This paper records current issues relevant to Geoengineering education in Australian Universities. It highlights the pressures under which academics are required to improve the delivery of subject matter. A critical analysis of various modes of delivery is presented taking into account the student learning styles and perspectives as well as current and impending technological changes. It is pointed out that the increased efficiency required by the declining resources is inherently in conflict with the requirements of the quality delivery of Geoengineering education.

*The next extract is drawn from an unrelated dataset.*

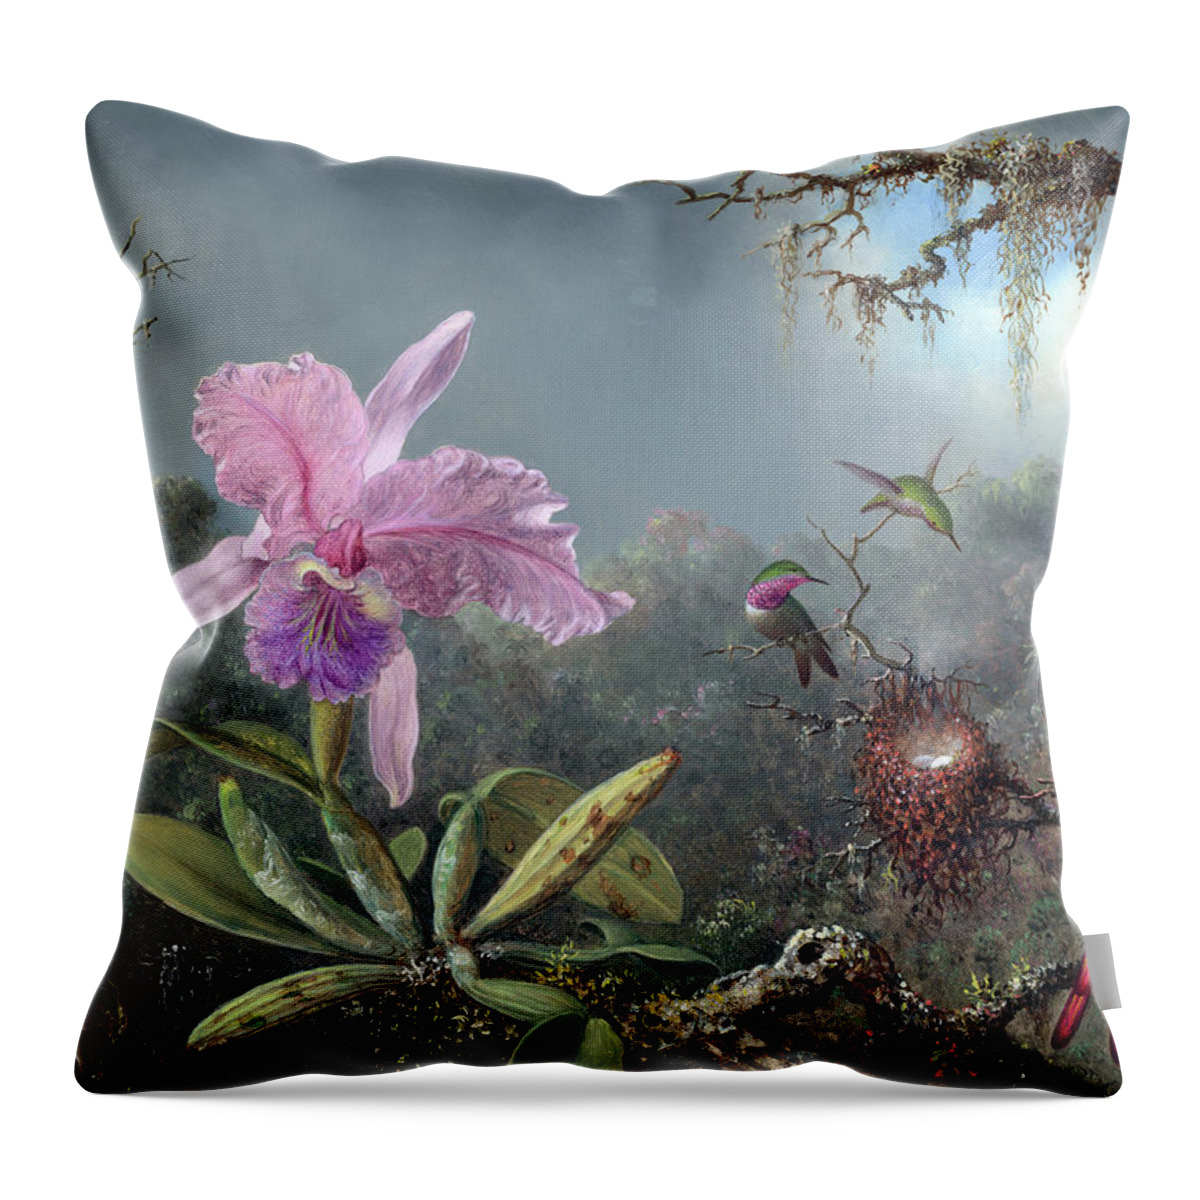 Cattleya Throw Pillow featuring the digital art Orchid Flower by Long Shot

Australian academics are being subjected to increasing pressures that challenge their capacity and their ability to teach effectively. Although there is no study to support the contention that this is a universal experience, anecdotal evidence suggests that the Australian experience is far from unique. Of course, academics teaching in Geoengineering share this common experience of their colleagues in other Departments and Faculties. A major conflict or contradiction for the academic, is that at the same time that resources provided by government to Universities is shrinking, there is an expectation, or demand that academics not only maintain, but improve their performance in a diverse range of activities, including teaching. Academics no longer lead a privileged life in which they enjoy high salaries, and are automatically allocated research funds. The salaries of academics have fallen considerably behind those of their colleagues in the private sector, and research funding must be competitively sought from an insufficient pool of money. The success rate of obtaining funding may be as low as 15%, and the process of application is timeconsuming. Once grants are won, which normally include only partial funding, the paper warfare with bureaucracy continues, with endless forms to submit to ensure that funds are being appropriately utilized, and that outcomes are achieved.